No es de hoy que historia y
política mantengan relaciones
contrastantes y a veces tormentosas. Al circunscribirse en el
tiempo, la
política hace necesariamente referencia al pasado, ya
sea para desligarse o para tomar de él ejemplos y
argumentos a manos llenas.Como lo deja expresado René Rémond
"… la relación que se establece a
través de la interpretación de la historia es
ineluctablemente ambivalente: la historia es al mismo tiempo
cimiento de la unidad de un pueblo y germen de discordia que
alimenta discrepancias y desacuerdos. Es por esto que los
poderes públicos no pueden desatender por completo la
escritura
de la historia y su transmisión, y consideran, no sin
razón, que tienen alguna responsabilidad al respecto. Entonces no hay
por qué extrañarse de que a veces los
políticos se vean tentados a inmiscuirse en su
manufactura y en su
instrumentalización. Es un rasgo de los
regímenes totalitarios al arrogarse el derecho de
torcer la historia para su beneficio así como el de
ejercer un control
sobre aquellos cuyo oficio es establecer la verdad
histórica.
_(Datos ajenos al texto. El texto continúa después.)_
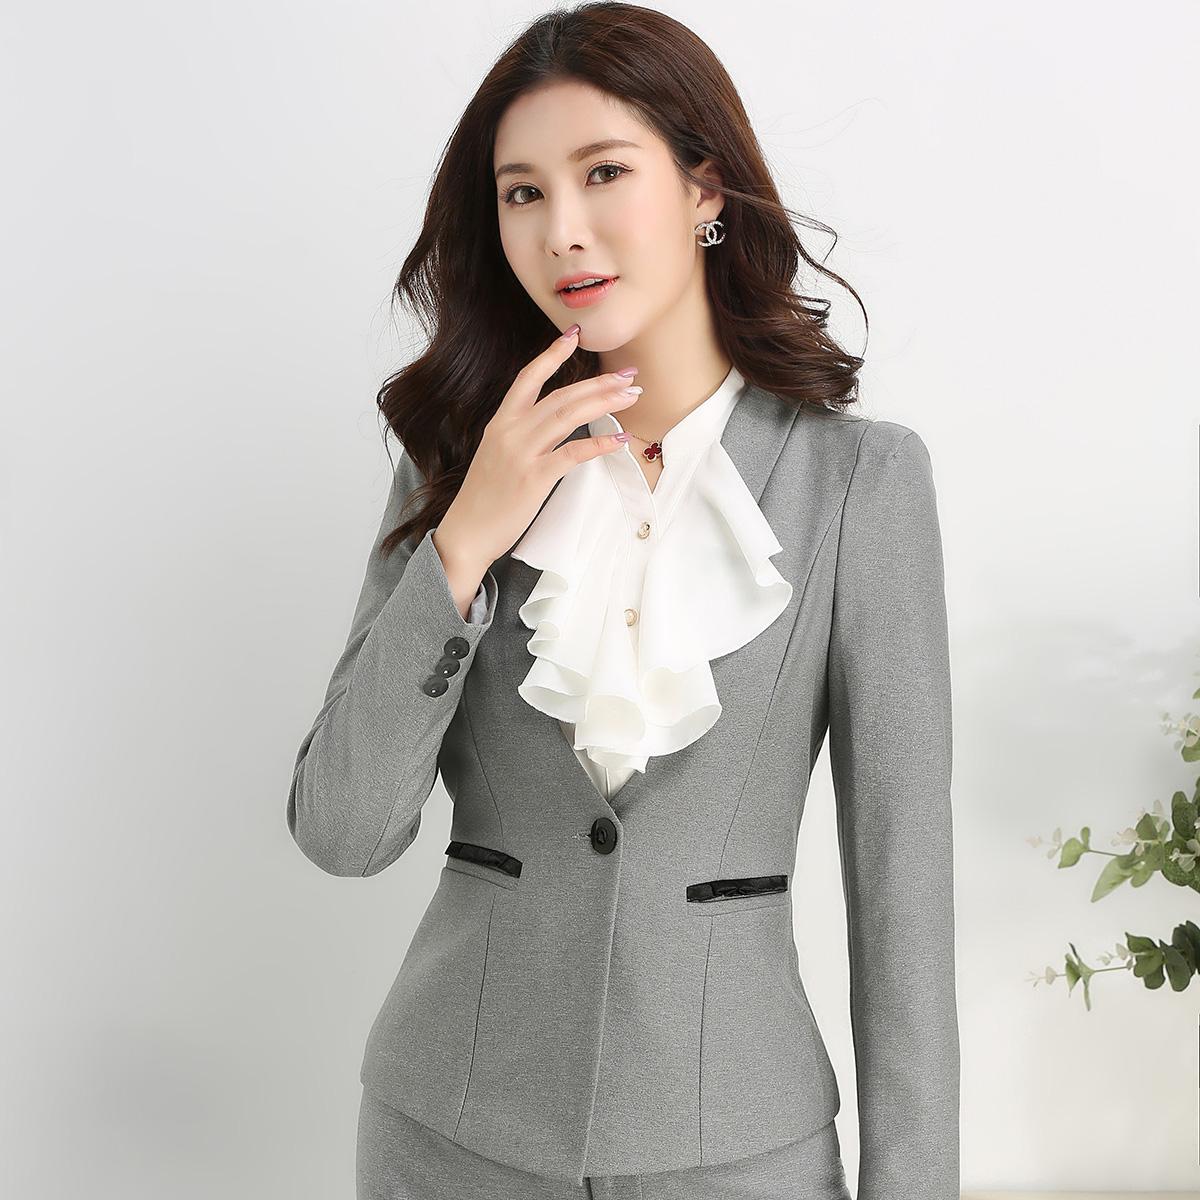 芷芸烟 春秋装新款 长袖气质职业套装女装套裙白领工作服 3291

No hay más banal que la
instrumentalización del pasado. De manera particular,
su calificación es objeto de carácter ideológico y
enfrentamientos políticos propiamente dichos."
(1).Lo expresado por Rémond, y en dicho contexto;
esta agitación no amerita la atención del ciudadano si no fuera
porque la situación, además de los aspectos
tradicionales de este debate,
presenta irrefutables novedades y acarrea múltiples
implicaciones. En ella se ven involucrados tanto el problema
epistemológico de la búsqueda de la verdad
histórica como el papel del Estado en
este caso concreto;
la reparticipación de responsabilidades entre el
legislador y el historiador, el papel de la ley y el
acceso de toda persona al
conocimiento objetivo
del pasado, que no es de interés menor a la idea y
práctica de la democracia.Más validas unas que otras, son las
consideraciones que han modificado de manera profunda nuestra
relación con el pasado tienen consecuencias en el
estatus de la historia en la sociedad.
Han justificado la intervención de lo político;
dado que recordar era un deber cívico,
¿podría el legislador admitir que se enunciaran
públicamente afirmaciones contrarias a la verdad
respecto de acontecimientos a propósito de los cuales
la justicia
o, en su defecto, la conciencia
colectiva se había pronunciado? Sería como si
al mismo tiempo se faltara al deber de piedad y se condenara
por segunda vez a las víctimas, se atentara contra el
respeto a
su sufrimiento y se permitiera que la duda se introdujera en
las mentes de quienes no pudieran hacerse una opinión
motivada propia; sería como ir en contra de la
educación de los ciudadanos. ¿No
tendría la obligación los responsables
políticos de tomar medidas al respecto, en resumen, de
legislar?Es evidente, pero no es ocioso poner esto en claro:
en el debate sobre las leyes, los
parlamentarios echan mano de su investidura para argüir
el hecho de que como su mandato emana del pueblo soberano,
ellos supuestamente tienen las facultades para establecer la
verdad histórica. Se confunde la legitimidad
política con la que confieren las facultades
adquiridas mediante el trabajo
científico. Ningún parlamentario
imaginaría que su estatus le otorga facultades para
pronunciarse sobre los fenómenos sociales, en virtud
de los roles que les son conferidos; es cómo se han
creado las instancias de reflexión que sirven para
delimitar el trabajo
del legislador y la decisión de los poderes
públicos. ¿Por qué habría de ser
diferente para la historia de las sociedades?Al manifestarse contra el principio de estas leyes,
denominadas por Rémond "de la memoria", los
historiadores hacen un llamado a respetar la diferencia entre
las ciencias y
la distribución de profesiones, y
reafirman que la historia, garante de la memoria
colectiva, le pertenece a todos. Por lo demás, la
lista de estas leyes muestra
claramente cuáles son las consideraciones al momento
de su adopción: consideraciones
básicamente electorales que, ciertamente, no son
despreciables, pero que dejan ver más pasión
que razón, que no tienen ninguna legitimidad
científica y que confunden la memora con la historia.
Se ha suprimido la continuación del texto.